Il existe plusieurs autres «pétitions» et «lettres ouvertes» de la part de négationnistes de la science du climat, y compris la pétition de l'Oregon, la Conférence internationale sur le changement climatique et la Cornwall Alliance, entre autres.

Peut-être que ma lettre préférée est la pétition AE911Truth. Oui, c'est une pétition d'un groupe adhérant à la théorie du complot de la «vérité du 11 septembre» qui prétend que les tours du World Trade Center n'auraient pas pu être abattues par des avions de ligne s'écrasant dessus et que le récit «conventionnel» est faux. Ils affirment également généralement que, parce que les accidents à eux seuls n'auraient pas pu faire tomber les tours, des explosifs ont dû être placés pour entraîner une «démolition contrôlée», peut-être dans le cadre d'un «travail interne», et c'est ce que la pétition déclare:

Au nom du peuple des États-Unis d'Amérique, les architectes et ingénieurs soussignés pour la vérité sur le 11 septembre et leurs affiliés demandent par la présente une enquête véritablement indépendante avec pouvoir d'assignation afin de découvrir toute la vérité sur les événements de 9 / 11/01 – en particulier l'effondrement des tours et du bâtiment 7 du World Trade Center. Nous pensons qu'il y a suffisamment de doute sur l'histoire officielle et par conséquent, l'enquête sur le 11 septembre doit être rouverte et doit inclure une enquête complète sur l'utilisation possible d'explosifs qui auraient pu être la cause réelle de la destruction des tours jumelles et du bâtiment 7 du World Trade Center.

Malheureusement, il est signé par plus de 3 000 architectes et ingénieurs. AE911Truth soutient que ce sont, contrairement au cas des lettres «en désaccord avec Darwin» ou «en doutant de la science du climat», de vrais experts censés tirer une telle conclusion; d'autres ingénieurs signalent un certain nombre de problèmes, par exemple:

Seule une poignée d'architectes et d'ingénieurs remettent en question le rapport du NIST, mais ils n'ont jamais proposé d'alternative. Bien qu'à première vue, il puisse sembler impressionnant que ces personnes ne croient pas au rapport du NIST, rappelez-vous qu'il y a 123 000 membres de l'ASCE (American Society of Civil Engineers) qui ne remettent pas en question le rapport du NIST. Il y a aussi 80 000 membres de l'AIA (American Institute of Architects) qui ne remettent pas en question le rapport du NIST.

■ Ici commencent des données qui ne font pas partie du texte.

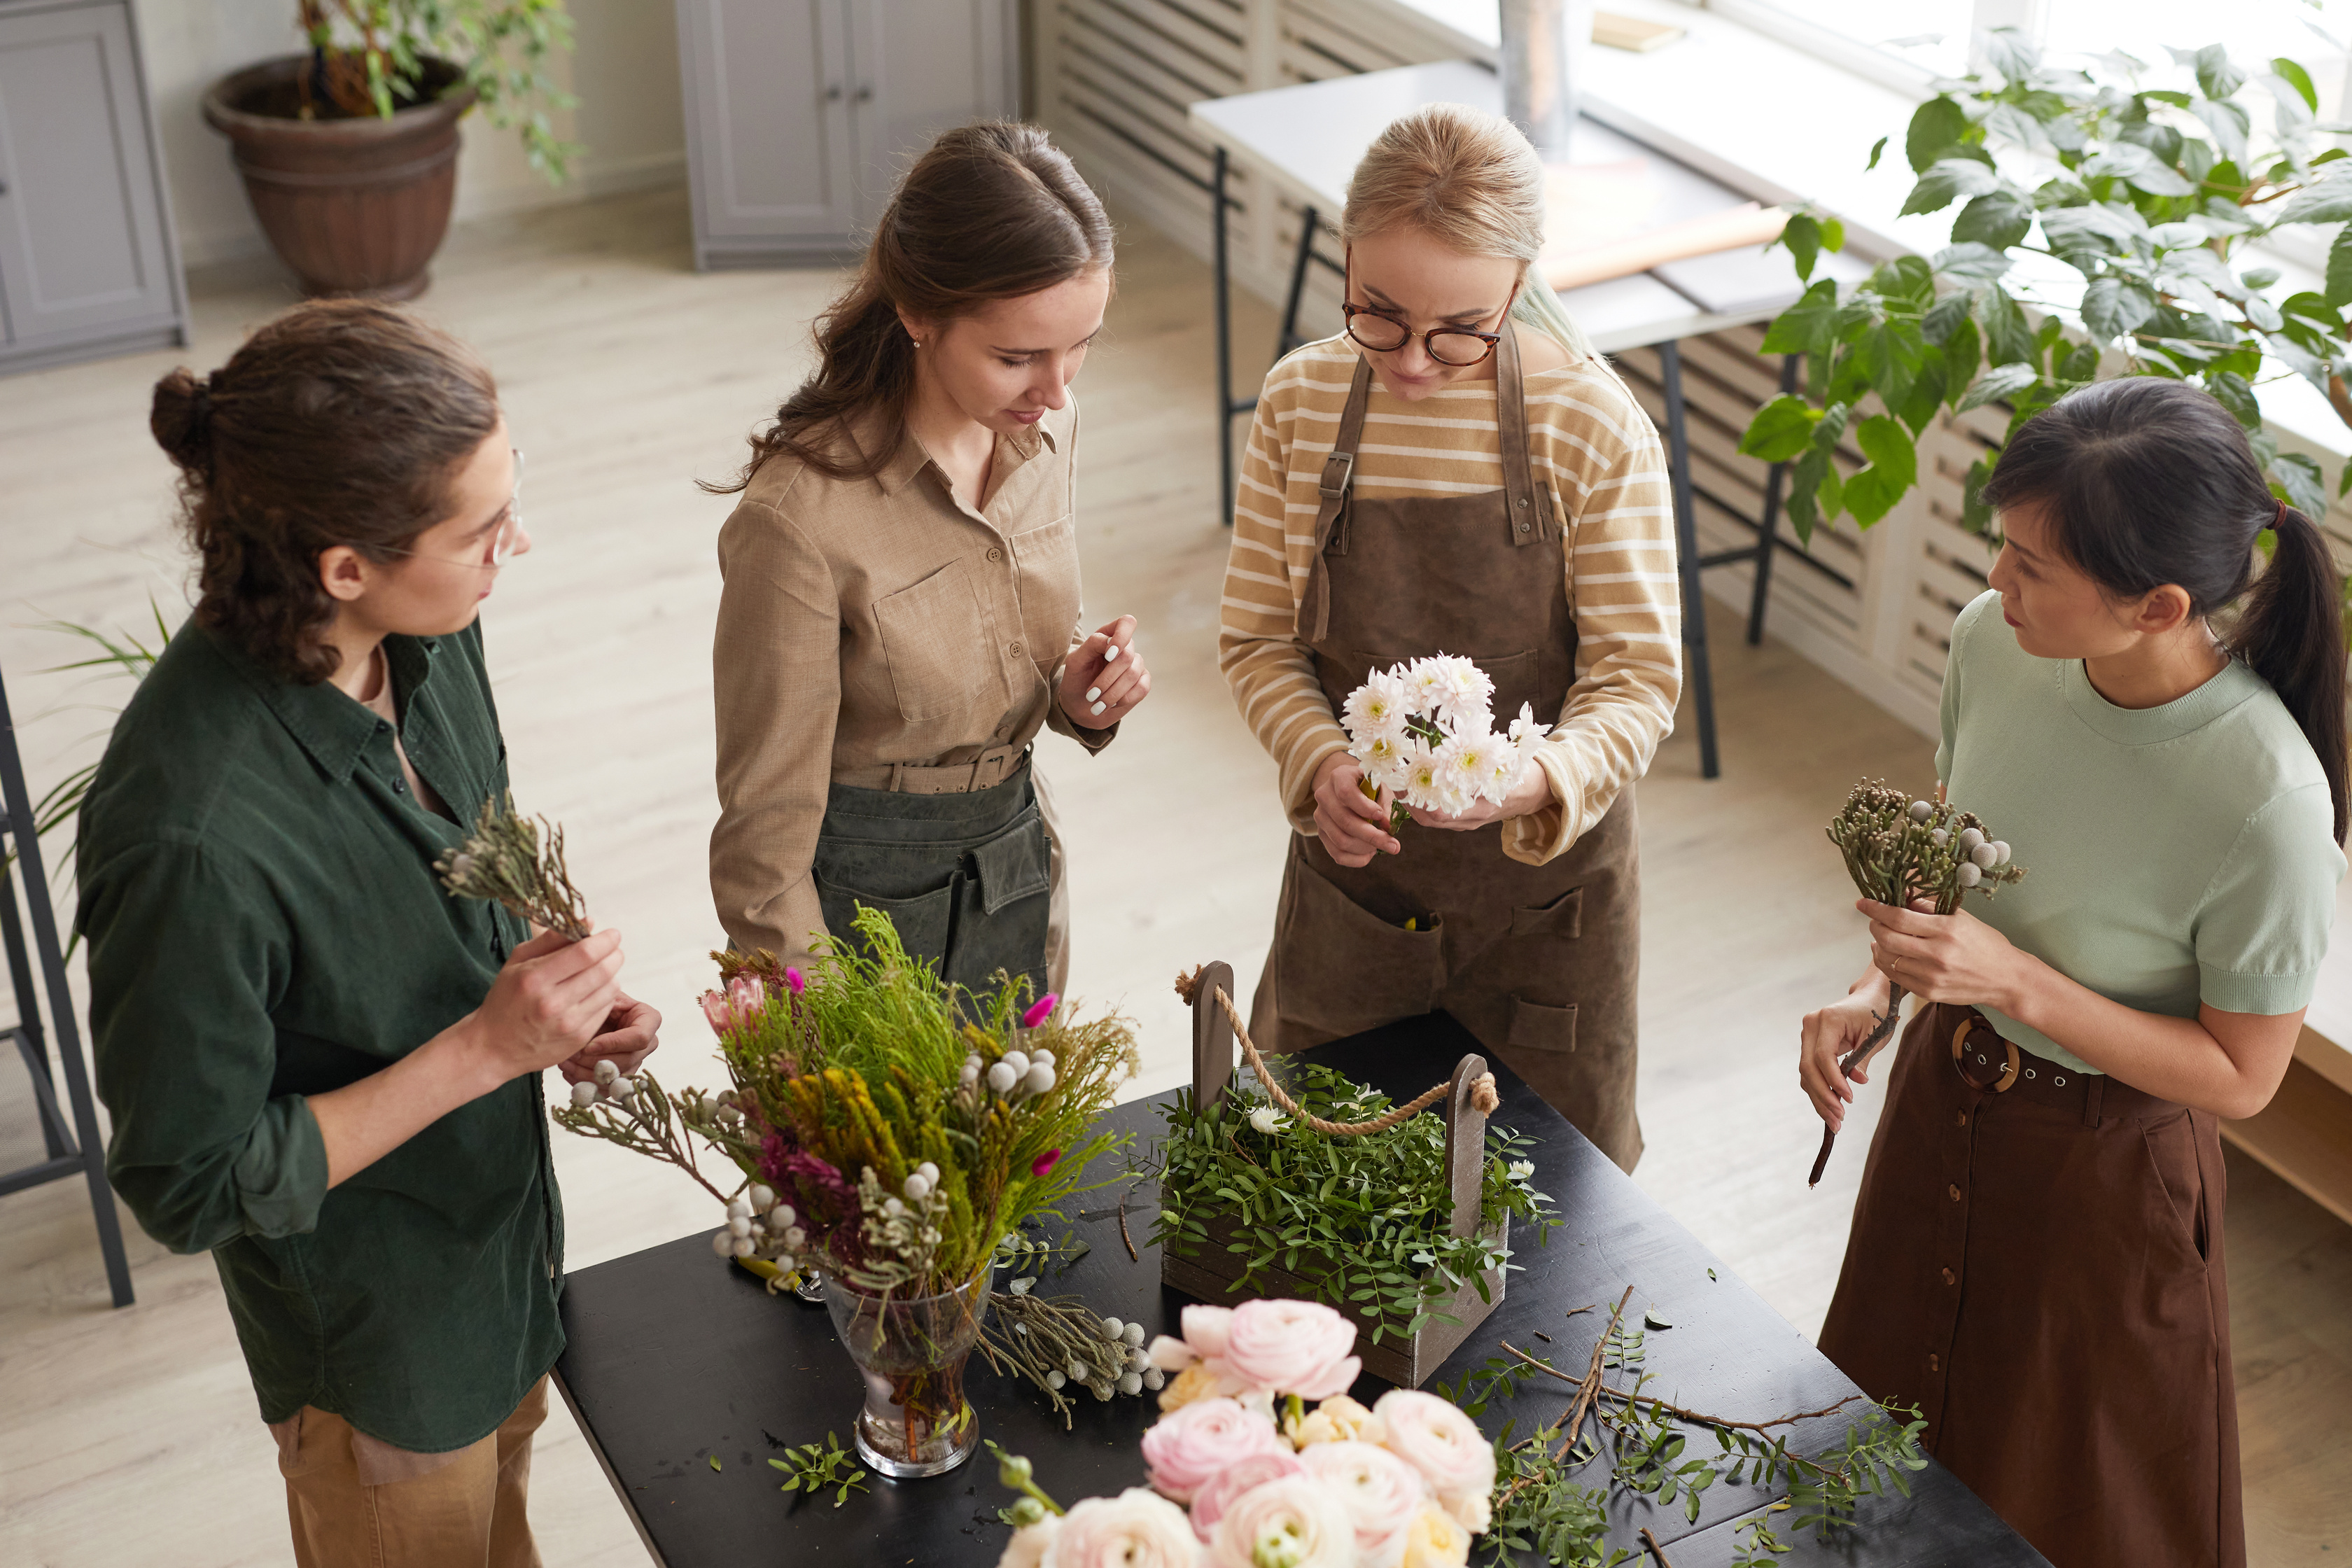 Group of People in Workshop on Floral Art

Bien que leur domaine d'expertise ne soit pas lié à la construction de bâtiments – ils ne semblent pas avoir de problème avec cela à AE911truth – il y a aussi 120 000 membres de l'ASME (American Society of Mechanical Engineers) qui ne remettent pas en question le rapport NIST. Il y a aussi 370 000 membres de l'IEEE (Institute of Electrical and Electronics Engineers) qui ne remettent pas en question le rapport du NIST. Il y a également 40 000 membres de l'AIChE (American Institute of Chemical Engineers) qui ne remettent pas en question le rapport du NIST. Il y a également 35 000 membres de l'AIAA (American Institute of Aeronautics and Astronautics) qui ne remettent pas en cause le rapport du NIST. Alors, qui préférez-vous croire?

Il est également noté que, bien que ce groupe «remette en question» le «récit officiel du 11 septembre», il ne présente «aucun calcul montrant à quel point le rapport du NIST est erroné».

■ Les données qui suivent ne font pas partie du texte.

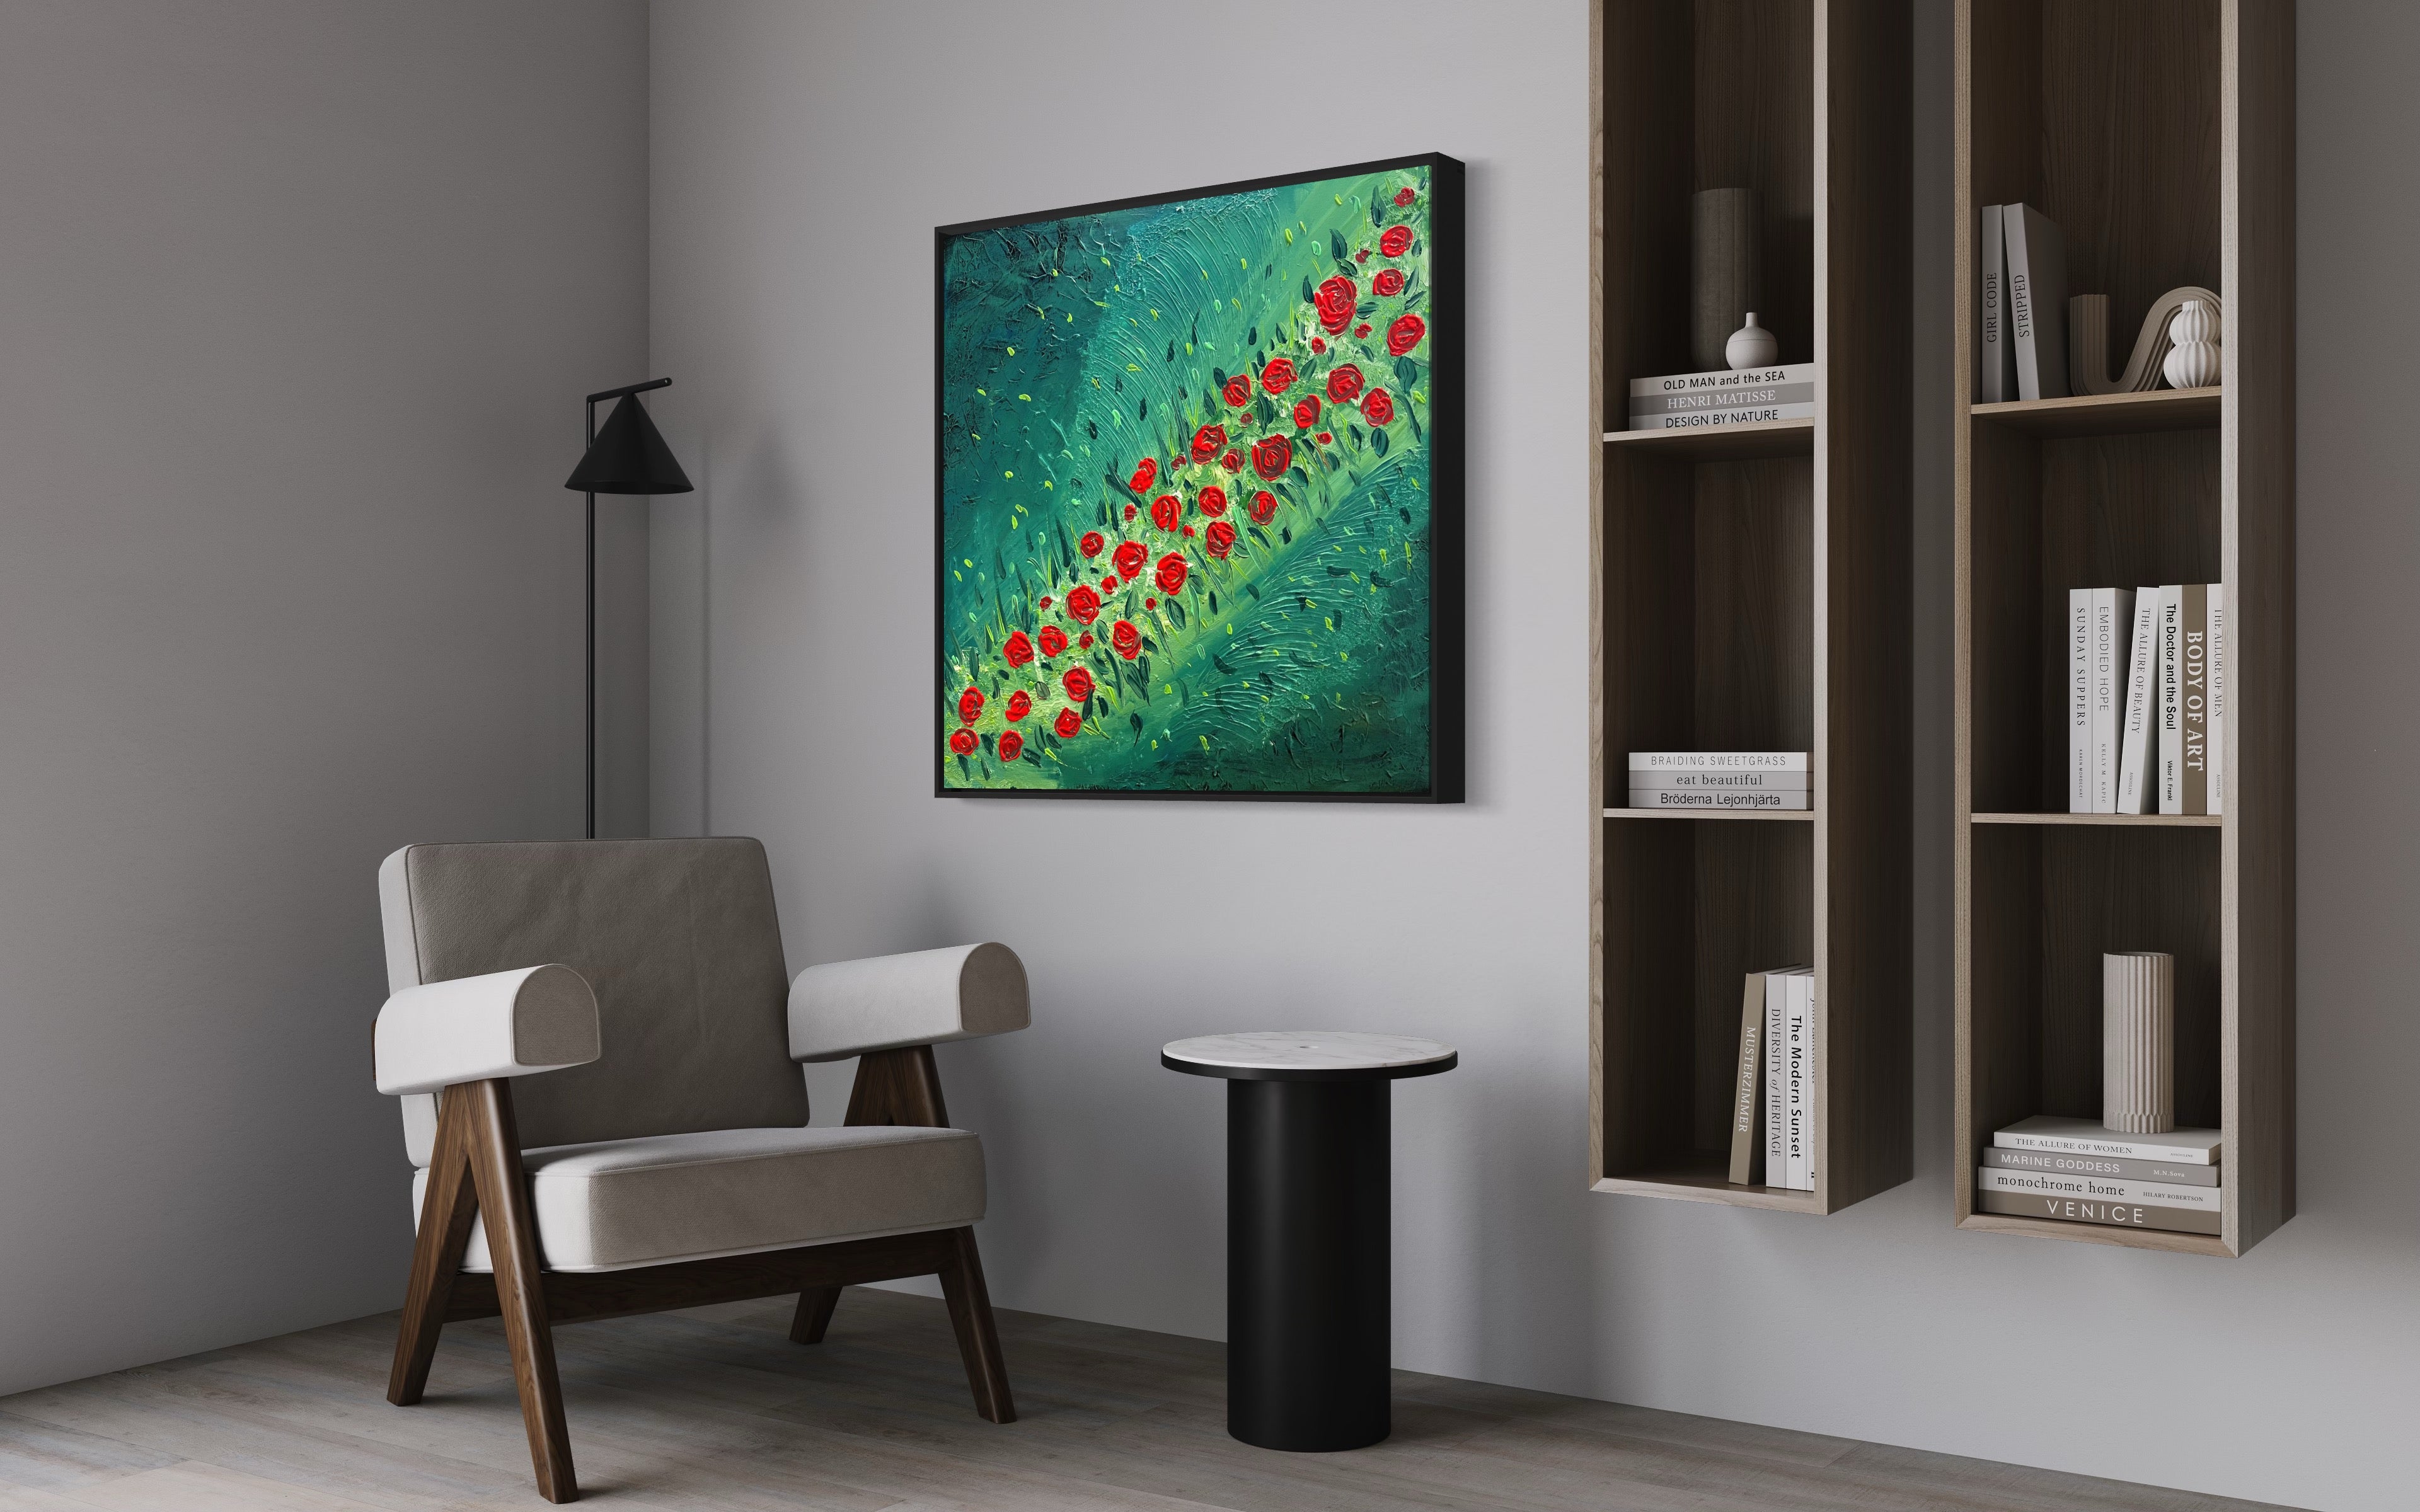 Red Rose Field 91 cm x 91 cm Red Green Textured Abstract Painting by Joanne Daniel

Mais où sont les antivaxxers?

L'une des choses étranges que j'ai réalisé en recherchant et en écrivant cet article était que je ne me souvenais pas de telles déclarations ou pétitions avec des listes de médecins et / ou de scientifiques comme celle-ci promue par le mouvement antivaccin, et je ' J'ai prêté attention au mouvement depuis au moins 2000. Cela m'a troublé, car s'il y avait une forme de charlatanisme et de pseudoscience dont j'aurais pensé qu'elle utiliserait la fausse autorité d'une liste de scientifiques et de médecins, ce serait le mouvement antivaccin . Il y a eu de nombreuses «lettres ouvertes» d'organisations «liberté de la santé» et «liberté médicale», par exemple cette lettre du Forum européen pour la vaccination vaccinale à l'Organisation mondiale de la santé. Pourtant, la liste des signataires ne semble pas inclure un seul médecin ou scientifique, mais inclut Robert F. Kennedy, Jr. et de nombreuses organisations d'antivaccins et de «liberté de la santé». Il y a aussi eu de telles «lettres ouvertes» par des avocats sur la constitutionnalité des mandats de vaccination dans les écoles, mais je n'ai pas pu trouver quoi que ce soit comme les lettres des créationnistes, des négationnistes du VIH / sida, des véridiques du 11 septembre, etc.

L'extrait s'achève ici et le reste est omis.